There is no doubt about New York Times best-selling author Tayari Jones’ relevance as a superstar in the literary

world. In addition to her third novel, Silver Sparrow, about growing up in an affluent African-American neighborhood in Atlanta in the 1980s, becoming a NEA BIg Read selection, Jones’ most recent work, An American Marriage, earned critical acclaim and enjoyed huge sales with inclusion in Oprah’s Book Club and Barack Obama’s summer reading list.
“We’ve been wanting to bring Ms. Jones to Columbus for a number of years,” says Henry McCoy, Programming & Media Content Coordinator for Chattahoochee Valley Libraries.
The library’s partnership with the McCullers Center to combine the NEA Big Read with the Carson McCullers

Literary Festival is “one of those partnerships where the whole becomes much greater than the sum of its parts,” McCoy says. “Together we’ve brought some truly great writers like, U.S. Poet Laureate Joy Harjo, Tim O’Brien, the incredibly talented Thi Bui, to town, something that the grant funds from the NEA Big Read allow. This year’s author Tayari Jones is no exception.”

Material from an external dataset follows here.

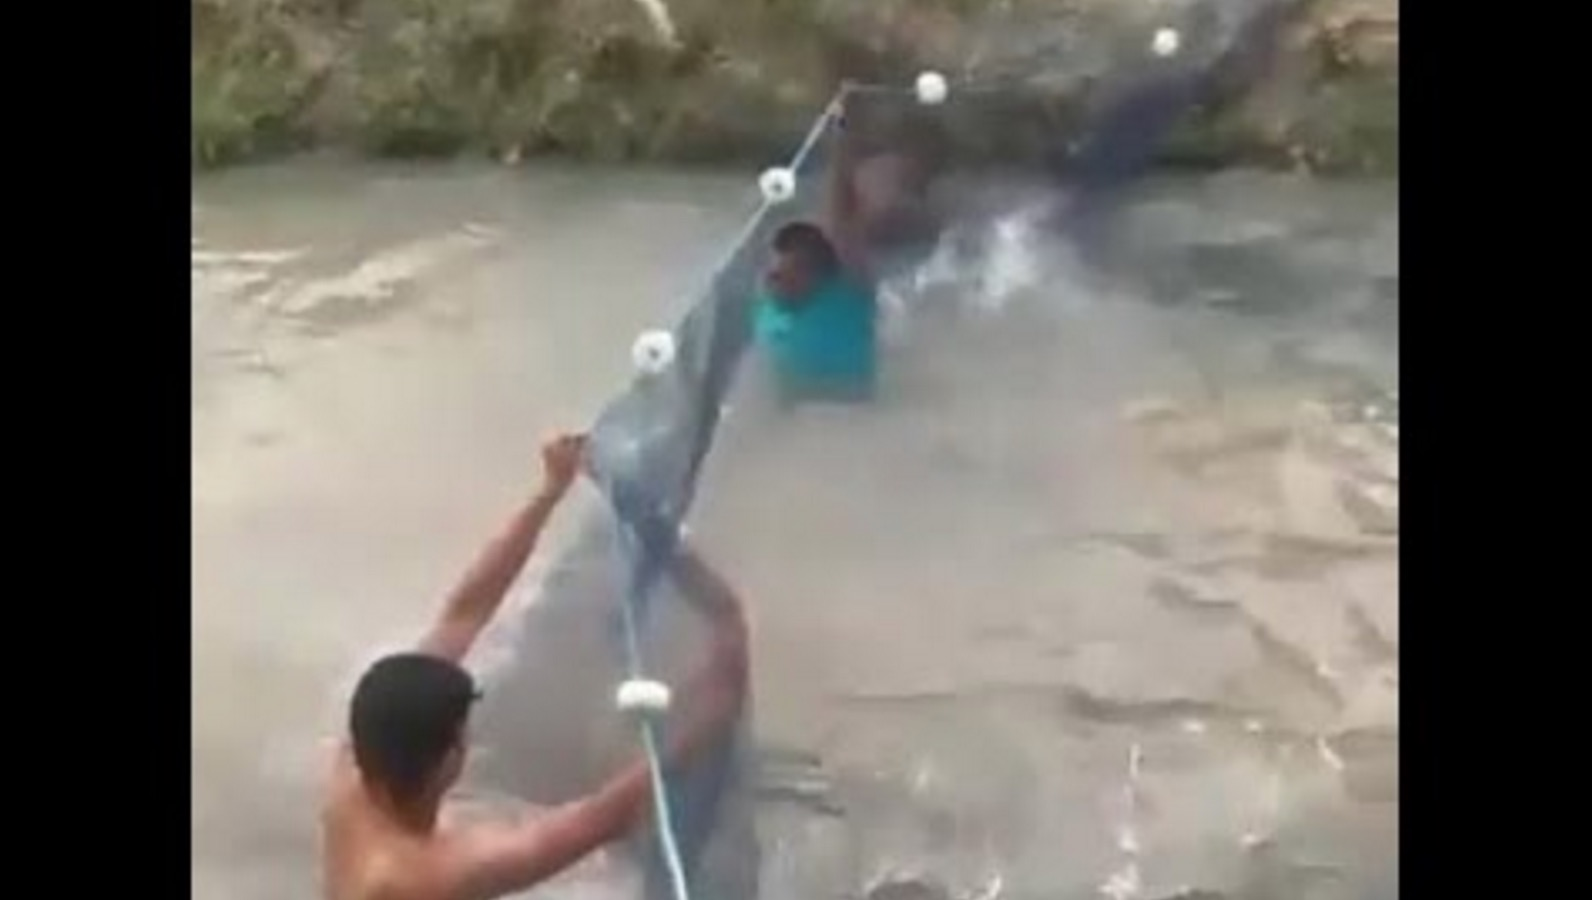 5秒後ヤバすぎることに!ブラジルで撮影された漁の映像がスゴい^ ^;

Funding from the NEA Big Read not only provides the library the opportunity to host “writers at the top of their craft,” McCoy says, but also allows the organization “to add an educational component, with school visits to MCSD and CSU classes, where the authors can serve as top-flight inspiration for our next generation of scribes and artists.”

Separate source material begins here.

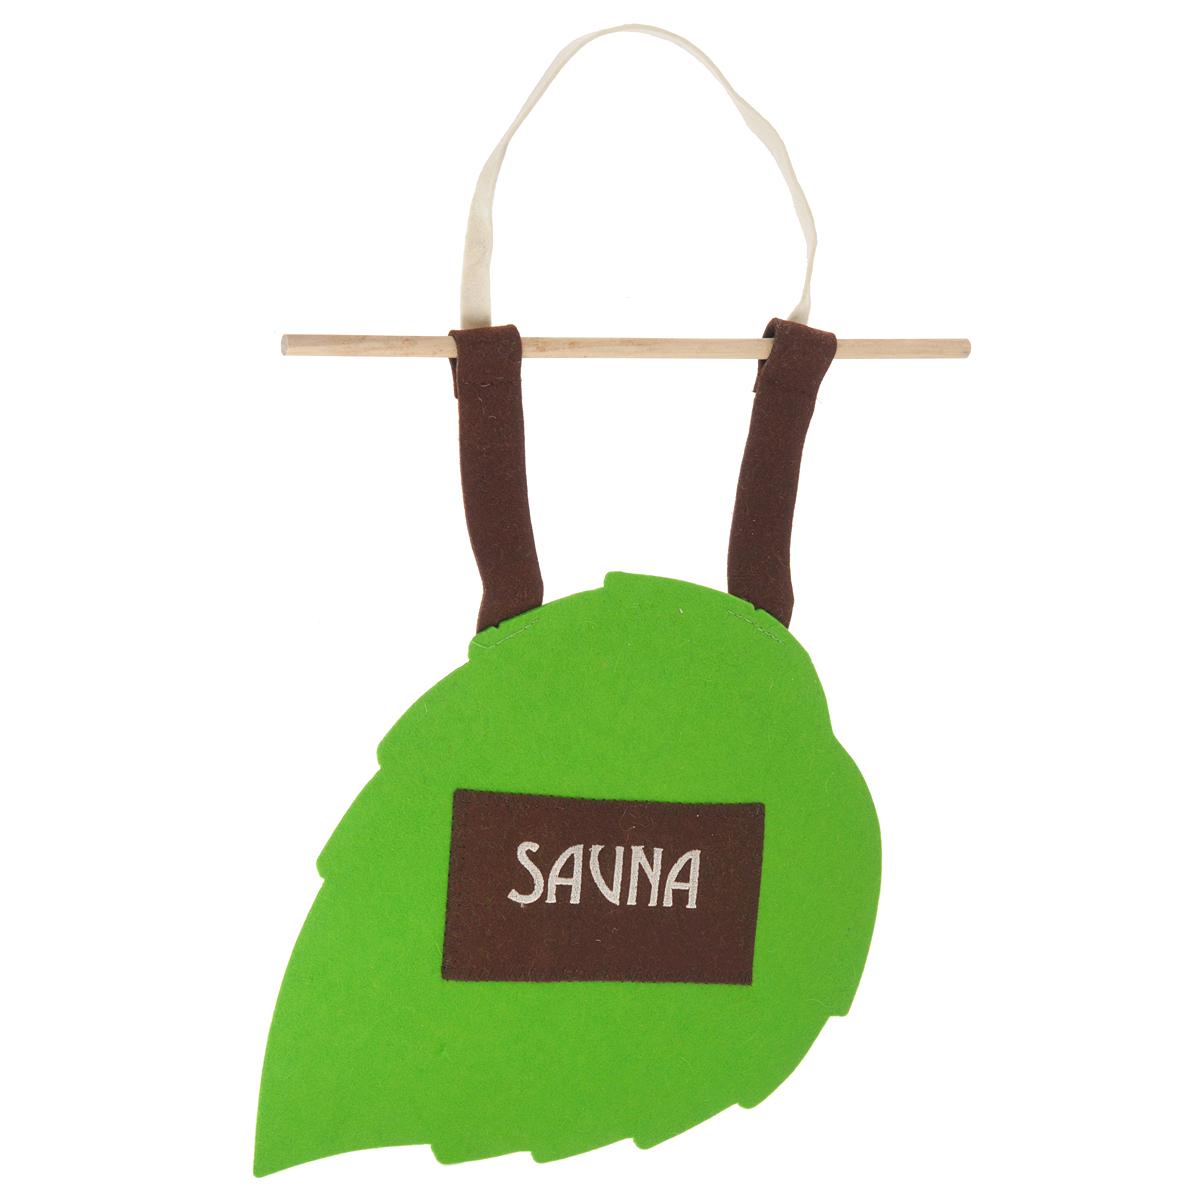 """Оригинальная табличка в виде листочка, с надписью """"Сауна"""" сообщит всем входящим, что данное помещение является сауной. Табличка может крепиться к двери или к стене.  Такая табличка в сочетании с оригинальным дизайном и хорошим качеством послужит оригинальным и приятным сувениром. Размер таблички: 30 см х 28 см х 0,3 см. Ширина деревянного держателя: 34 см."""

Both McCoy and Norwood are excited about a new twist to the weekend this year, with appearances by five fellows from the McCullers Center, all of whom have produced acclaimed work in the last few years after spending time in Columbus as residents in the program, which is based out of McCullers’ childhood home at 1519 Stark Avenue. The four featured writers – poet Lauren Green, Nigeria-born Samuel Kọ láwọlé, Mississippi author Snowden Wright, and Columbus resident Melissa Pritchard, fresh from the smashing success of her 2024 novel about Florence Nightingale — are featured, along with musician Aimee Bobruk, who will rock the festivities on Friday night.
“This is the first time we’ve had a big group of writing fellows come for the festival so that’s really exciting,” Norwood says. “We’re going to have a panel discussion with all five plus readings, book signings and also a concert. I hope folks come out and take advantage of this opportunity. It’s going to be fun.”

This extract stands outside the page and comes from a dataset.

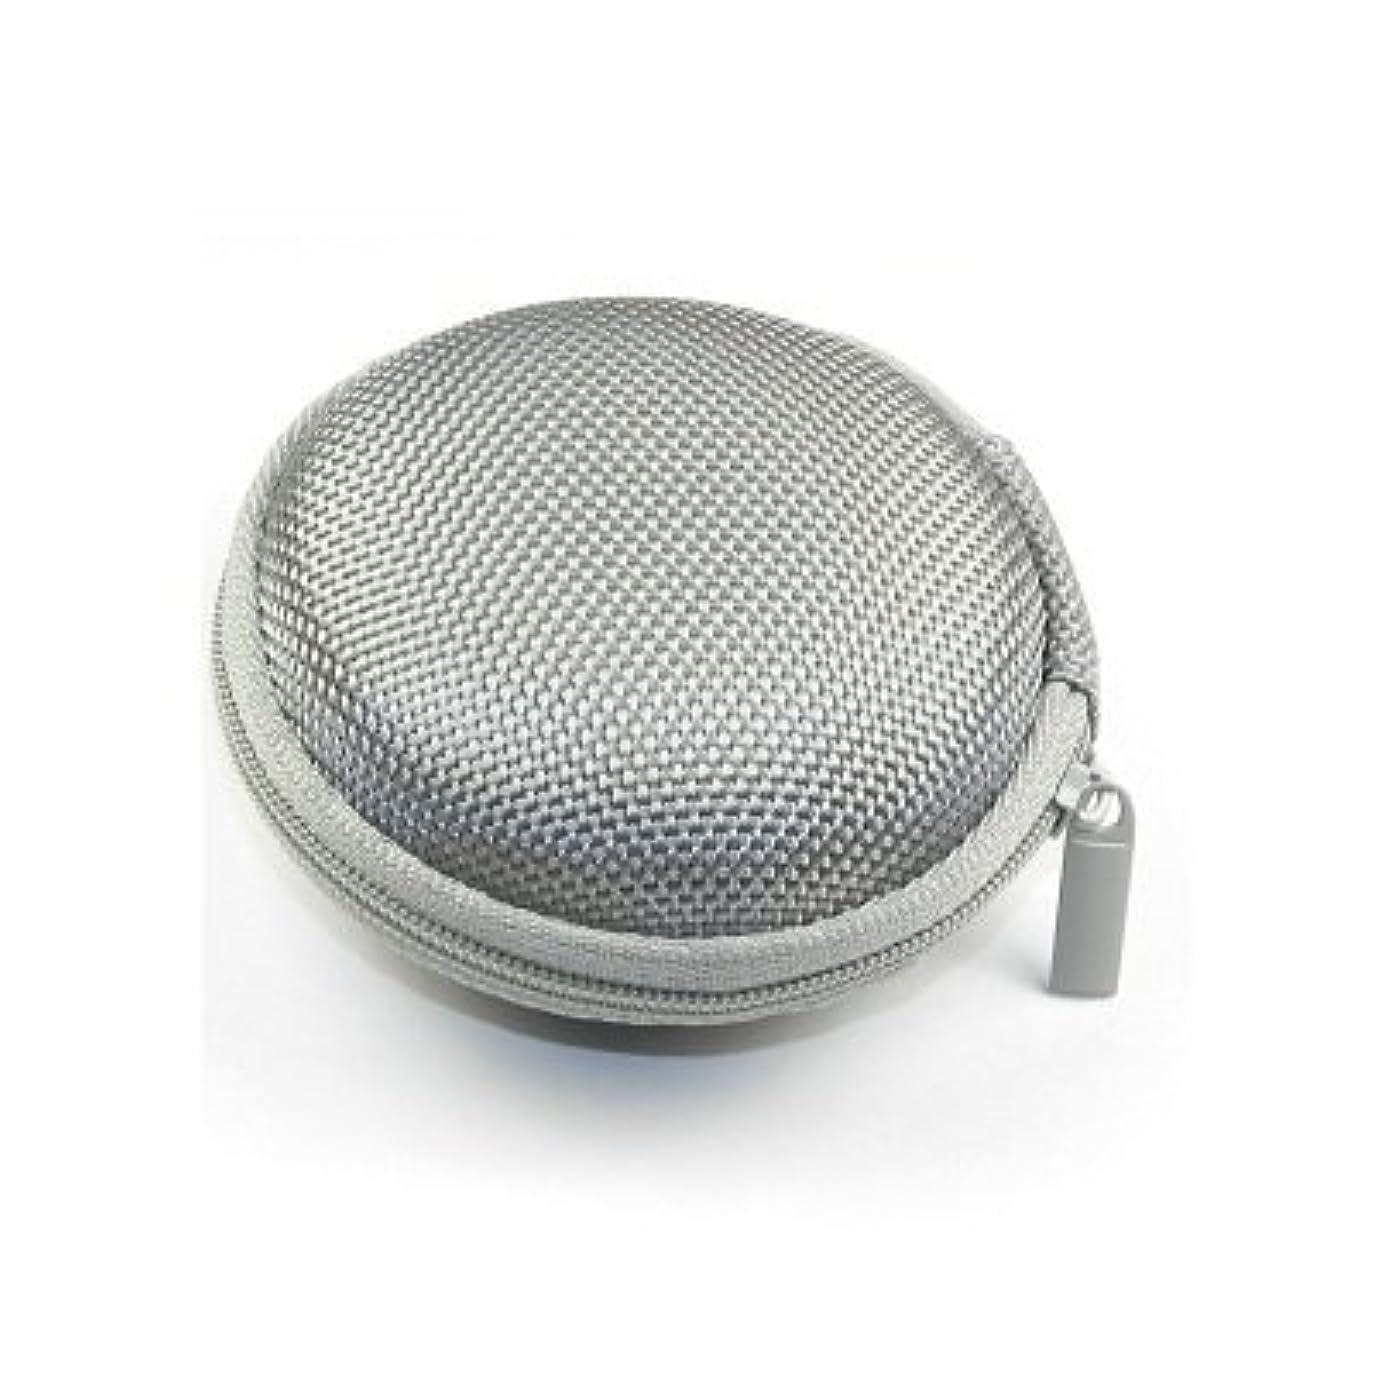 純粋なポータブルスクラップブックEarphones Plus EP-CASESILVER Earphone Case silver [並行輸入品]

CARSON MCCULLERS LITERARY FESTIVAL
NEA BIG READ EVENTS (Free & Open to Public)
Evans, Agee, and a New Form of Social Documentary
6:30 p.m. Thurs. Feb. 6- Columbus Public Library CSU photography professor Rylan Steele discusses how Walker Evans and James Agee elevated their crafts to create Let Us Now Praise Famous Men.
Time and Place: Tayari Jones, Carson McCullers and the Literature of the American South
6:30 p.m. Tues. Feb. 11 - Columbus Public Library
Nick Norwood and Courtney George discuss Silver Sparrow by Tayari Jones and its themes of time and place.
Fri. Feb. 21
4:30 p.m. Samuel Kọ́láwọlé and Melissa Pritchard reading, Riverside Theatre
5:30 p.m. Reception and book signing Riverside Theatre
6:30 p.m. Tayari Jones appearance and book signing, Riverside Theatre
8:30 p.m. Concert by Aimee Bobruk followed by an open mic, Bo Bartlett Center
Sat. Feb. 22
9:30 a.m. Coffee reception, Riverside Theatre
10 a.m. Authors panel Q&A, Riverside Theatre
11 a.m. Lauren Green and Snowden Wright reading, Riverside Theatre
12:30 p.m. Carson McCullers Literary Awards ceremony, Riverside Theatre
Where I Live: Bo Bartlett
6:30 p.m. Tues. Feb. 25
Bo Bartlett Center
Columbus native and artist Bo Bartlett discusses how our city and region influence his paintings.